Let's examine this program in detail to see how the
Perl references and matrices are used and to learn how dynamic
programming can solve the approximate string matching problem.

You can see that I specified a short pattern and a fairly short text.
The shortness of the text is purely for didactic purposes: I want to
show the entire matrix that is computed. To see how it performs, you
should try running the program by reading in, say, human chromosome
1, and searching for a 20 basepair oligonucleotide.
(You'll probably want to omit the printing of the
matrix in this case!)

Because our program needs to refer to the lengths of the pattern and
text at several points, we precompute them to save time and to make
the code easier to read. ($PLEN is easier to read
in those tightly packed loops than length
$pattern.)

Next, the array D is declared:

my $D = [  ];

$D refers to the anonymous array denoted by
[ ]. It is populated as the algorithm progresses,
as a two-dimensional array of integers.

The code for the calculation of the edit distance array
$D is very short. The 0th row and the 0th column
are initialized to start off the computation.
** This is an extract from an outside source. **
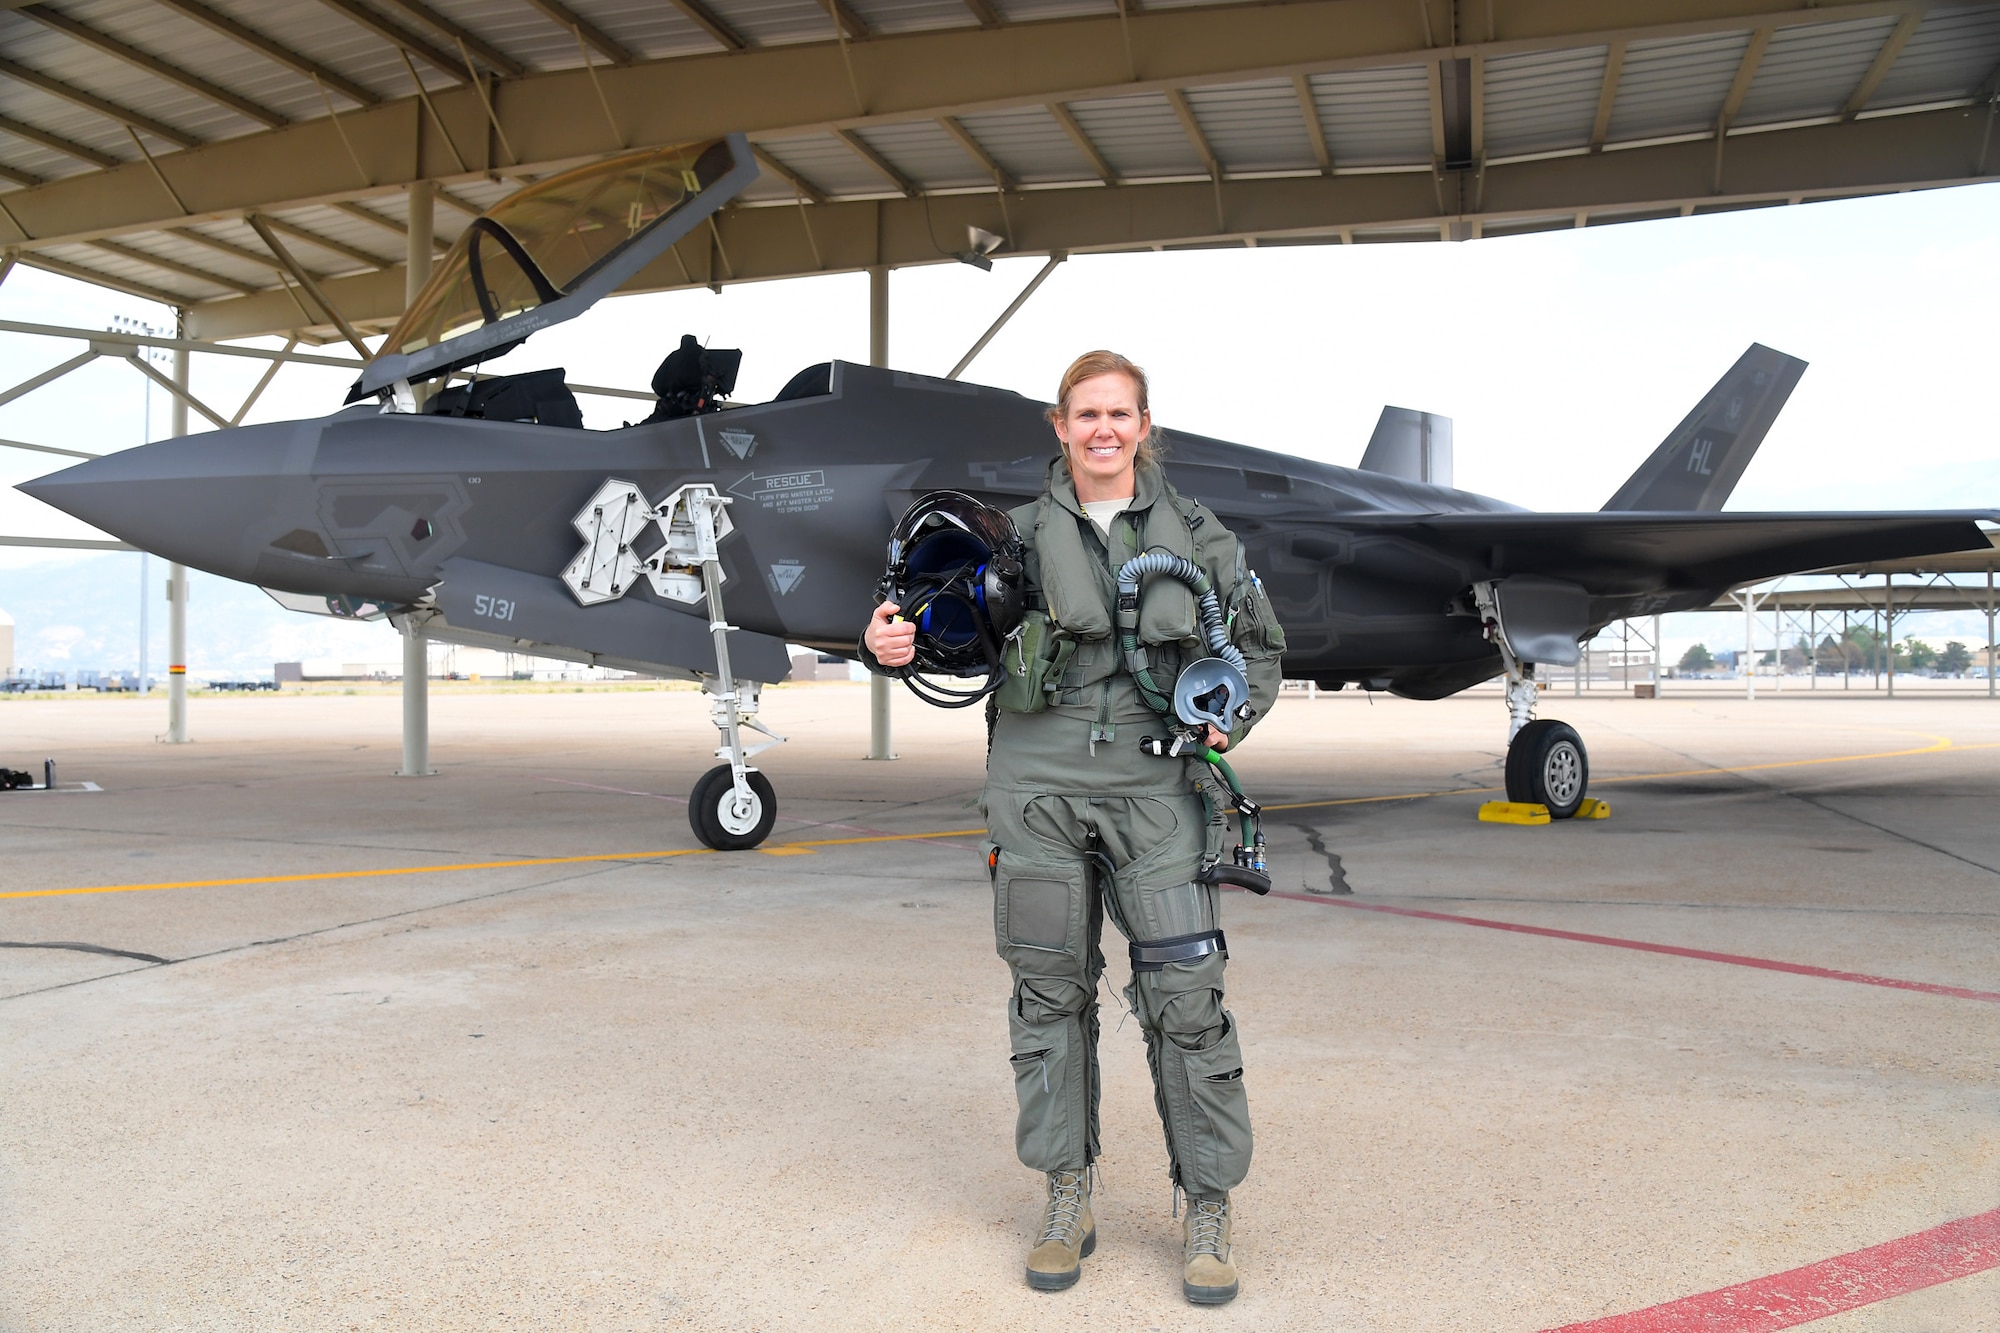 Col. Gina "Torch" Sabric, commander of the 419th Fighter Wing at Hill Air Force Base, Utah, and the Air Force Reserve's first female F-35 pilot

The 0th row is
initialized to all 0s, and the 0th column is initialized to
0, 1, 2, ...
up to PLEN.

Why? Let's talk about how this algorithm is going to
work.

Each entry of the TLEN+1 x
PLEN+1 matrix contains the edit distance between a
prefix of the pattern and a substring of the text. To be more
precise: consider the entry of $D at row
$t and column $p
(we'll call it in actual Perl syntax
$D->[$t][$p]). The value of
$D at this position represents the edit distance
between the prefix of the pattern of length $p,
and a substring of the text ending at text position
$t.

Let's look at an actual example. Figure 2-1 shows the output of the edit distance matrix
again, with the input strings lined up with the rows and columns.
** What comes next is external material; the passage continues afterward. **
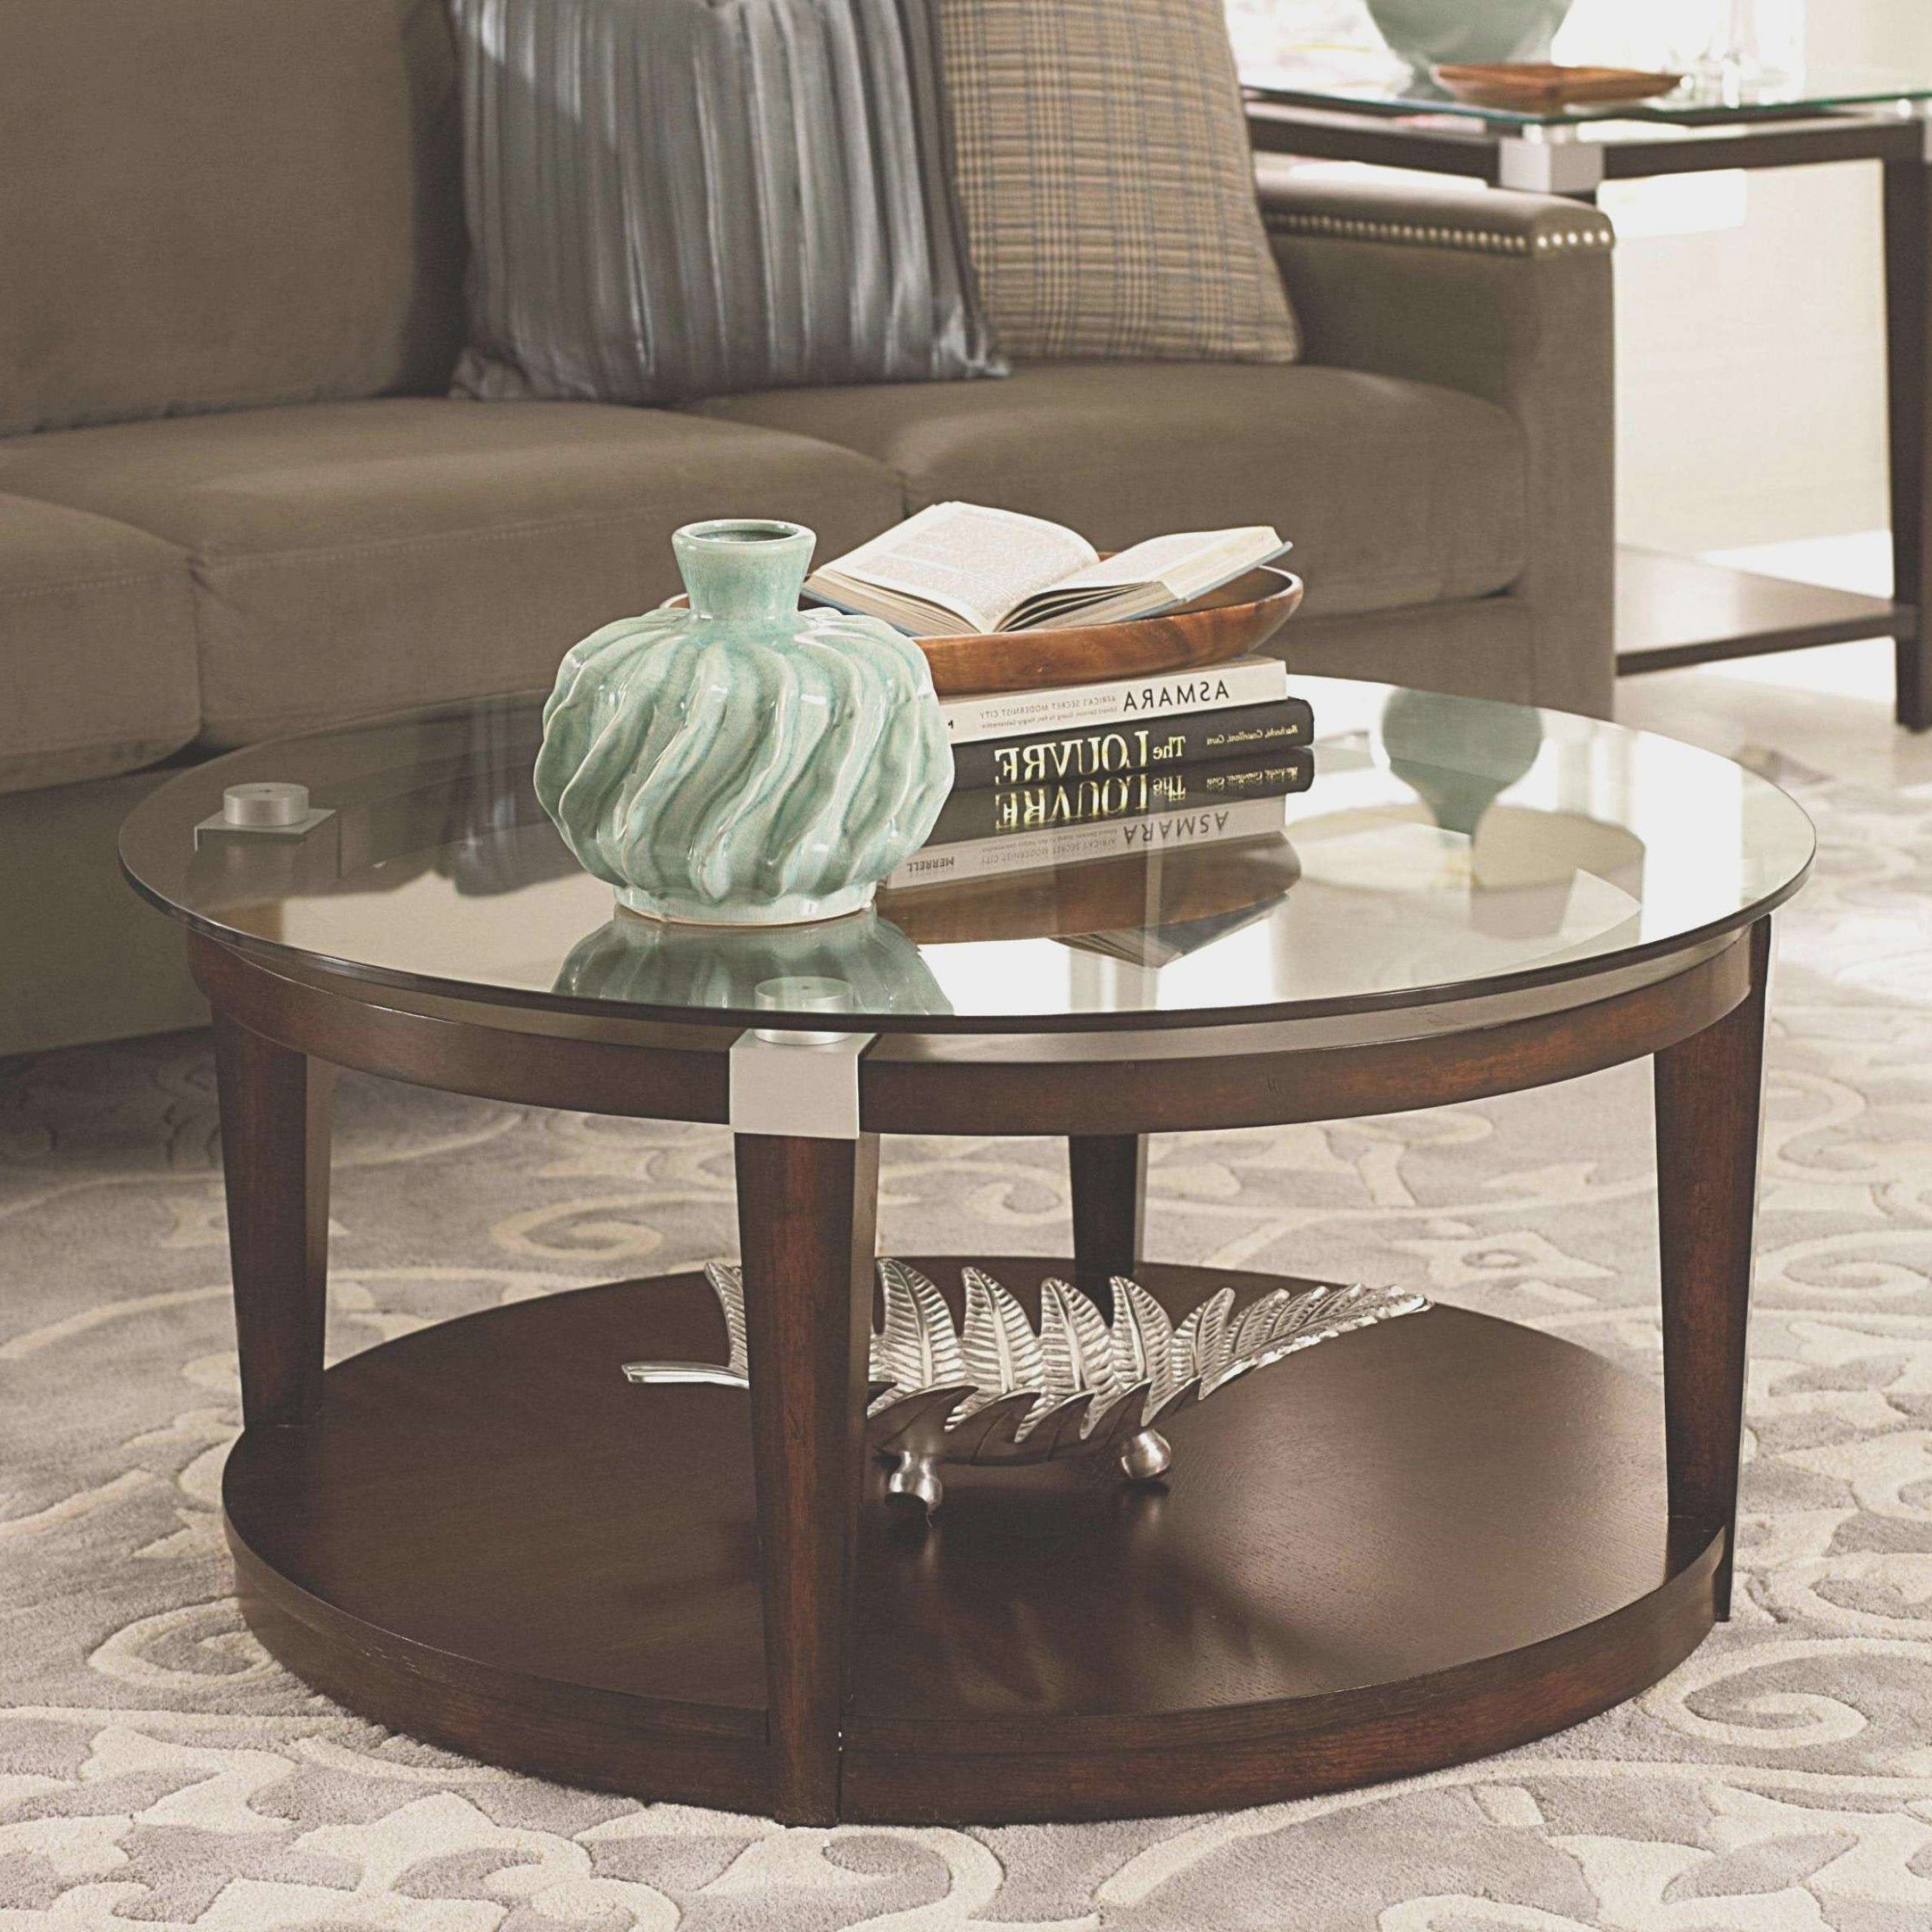 Black Round Glass Top Cocktail Tables Throughout Well Liked 14 Round Coffee Table Decor Ideas Gallery (View 1 of 20)

Figure 2-1. Edit distance matrix

The entry at row 4 and column 15, that is,
$D->[4][15], highlighted in the figure, has the
value 1. This means that the first four characters of the pattern,
EIQA, are one edit away from a substring that ends
at position 15 in the text. Let's check this. The
prefix of length 4 of the pattern is EIQA. A
substring that ends at position 15 in the text is
EILA. (Note that the beginning position of this
substring isn't clear; more on that later and in the
exercises.) You see that one substitution, of L in
the text to Q in the pattern, transforms the one
string to the other. By this definition, the edit distance between
these two strings is 1. That's what the entry in the
matrix says, so that entry is verified.

Take a minute to verify another entry or two.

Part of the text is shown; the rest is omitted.